HMRC and the National Audit Office yesterday both claimed charity sector support for their opposing views on whether charitable donations have risen as a result of gift aid.
At a hearing of the Public Accounts Committee on the findings of the NAO’s recent report into the value for money of gift aid, HMRC said the sector agreed that gift aid had boosted philanthropy, while the NAO claimed that the charities it had consulted agreed there was no firm evidence of this.
The Committee’s chair, Margaret Hodge MP, told HMRC’s chief executive Lin Homer (pictured) and director of counter-avoidance David Richardson that the report showed that the link between gift aid and higher donations was “at best unproven; at worst giving to charity has actually fallen”.
This kicked off the bickering between Homer and Robert Prideaux, director at the National Audit Office, over whether the charity sector agrees that donations have risen over the 13 years since gift aid was introduced.
Homer said that in 1999, the year before gift aid replaced the deed of covenant as an individual’s instrument for claiming tax relief on donations, a total of £590m was given to charity by individuals. By last year, this had climbed to £1.04bn, a rise of around 75 per cent, she said.
“We and the sector are very clear that donations have gone up, that gift aid has had a very positive effect on individual donations,” she said.
But Prideaux disagreed. He said the NAO consulted the sector for its report and found “no clear evidence that donations in the round are increasing”.
“They are in absolute terms, but this might be down to demographics and population changes,” he said. “We have not said in the report that donations aren’t increasing, but there is no clear evidence that they are increasing, and the charitable sector will back this up.”
Margaret Hodge was also unconvinced, telling Homer: “You have yet to prove that this radical change in 2000 was value for money for the £1bn that has gone to corporations and high net worth individuals as a bribe to encourage them to do more.”
David Richardson, head of counter-avoidance at HMRC, admitted that HMRC did not have detailed information on the tax reliefs claimed by companies, but added there was no evidence to suggest a serious problem with corporations taking advantage of gift aid on corporate donations, as about half the gift aid claimed by companies was claimed by the trading subsidiaries of charities.
Homer said HMRC accepted that more needed to be done to collect and analyse relevant data to prove the value-for-money proposition, but did not accept the premise that gift aid has not served to boost giving.
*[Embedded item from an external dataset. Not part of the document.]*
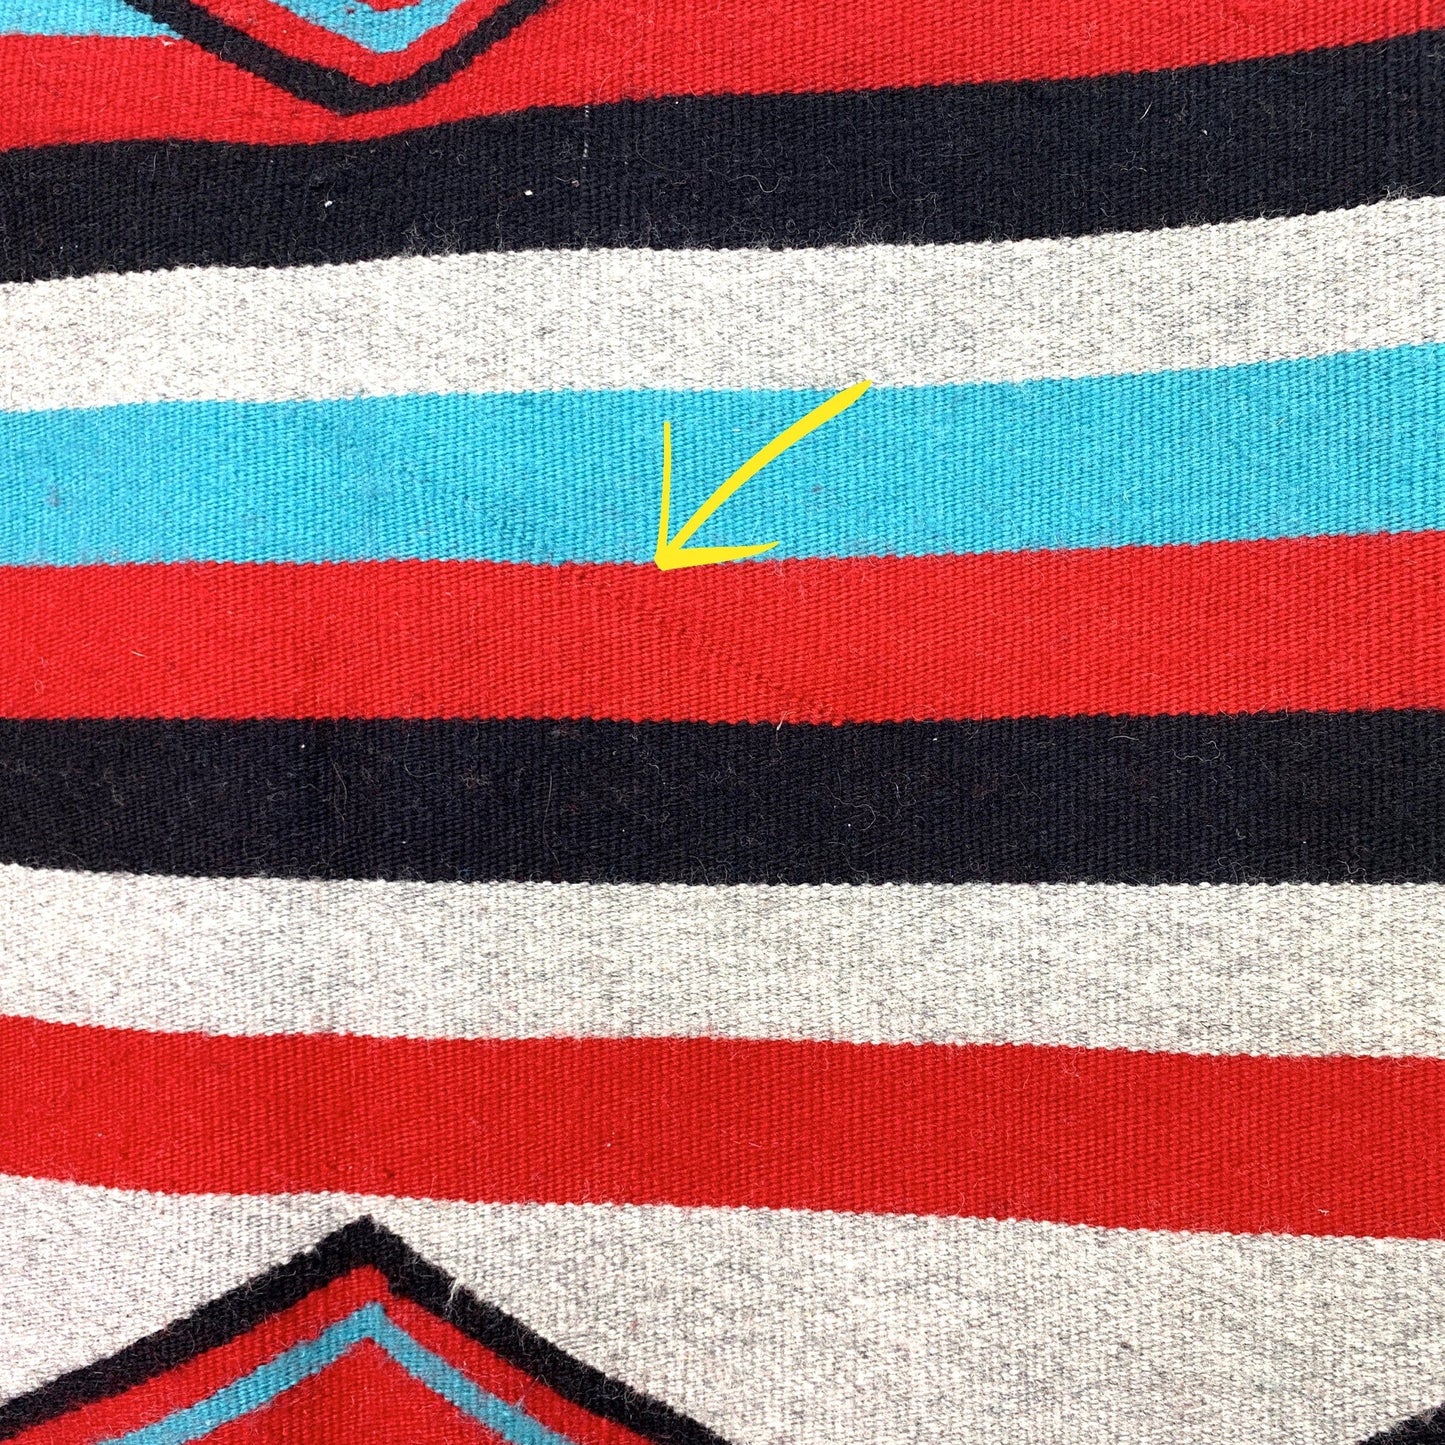 Vintage Navajo Hand-Woven Geometric Striped Kilim Rug by Lena Begay 42” x 27.5”
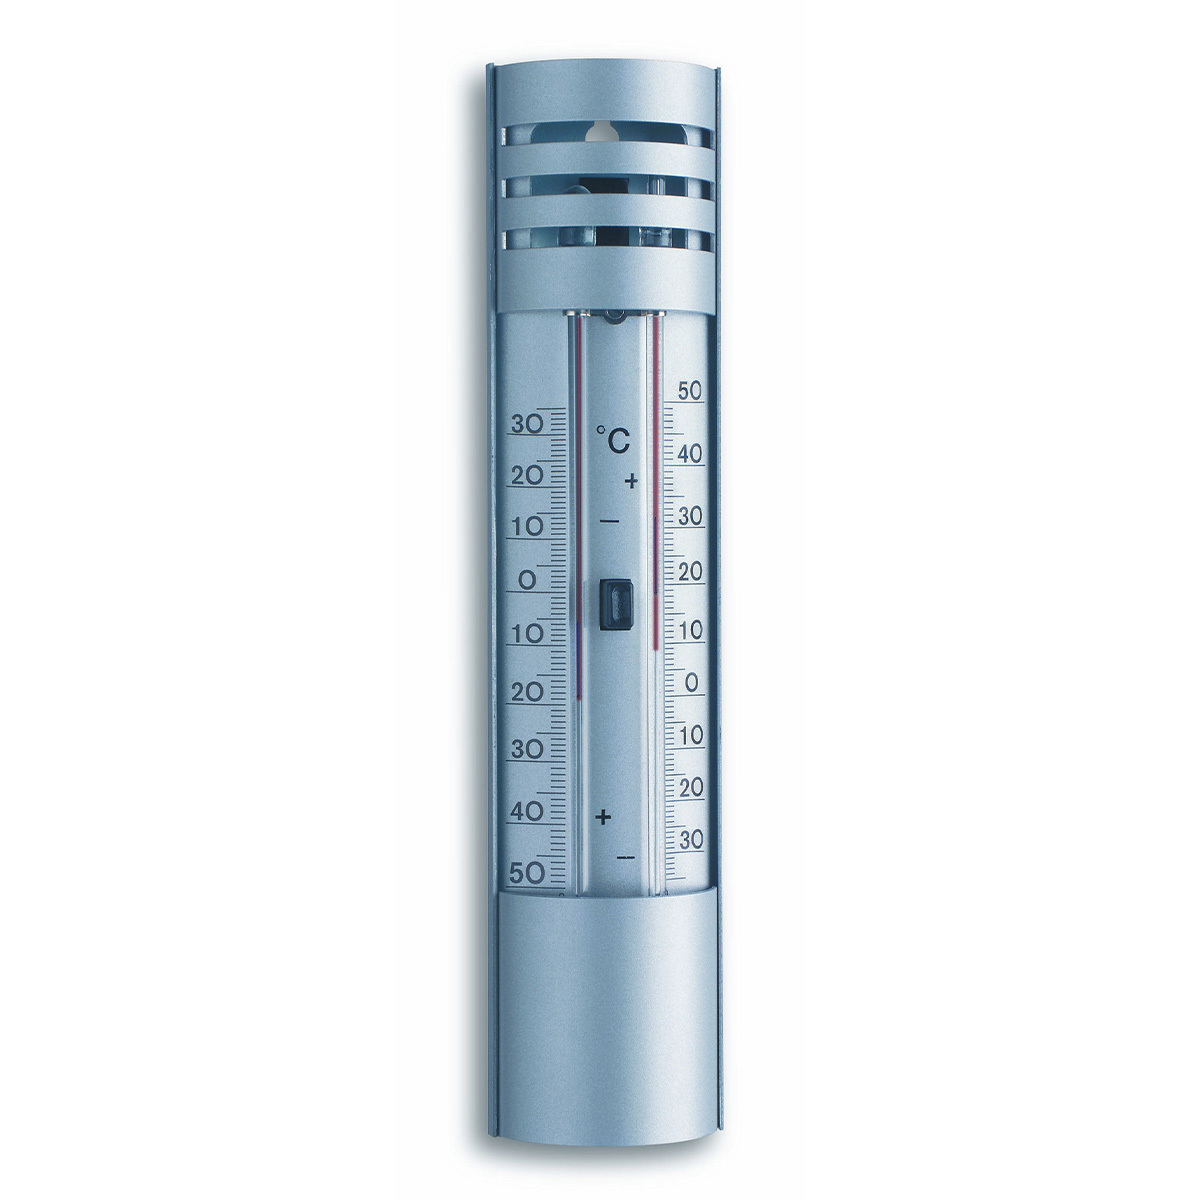 10-2007-analoges-minima-maxima-thermometer-aluminium-1200x1200px.jpg

Homer said: “I think this tax relief has proven to be value for money for the charities. It’s a good technique that works well.”
Hodge asked the HMRC executives to name the ten charities that benefit most from gift aid, but Richardson said he didn’t have that information to hand and wouldn’t name names anyway.
Hodge suggested that HMRC should know who these are so that when they see a large claim from an unknown charity, such as the Cup Trust, they would immediately be suspicious.
Homer said HMRC had received gift aid claims from eight marketed tax-avoidance schemes that it did not believe were valid, involving 1,800 individual claimants and £240m. It had not paid out on any of them, and did not expect to do so, she said.
She admitted that in the past the Revenue had been “slightly on the shy side of talking about cases that concern us” and that it had new communications plans in place to publicise criminal activity and hopefully deter others.
Richardson added that a consultation was under way on new powers to issue fines to people that submitted claims that did not succeed.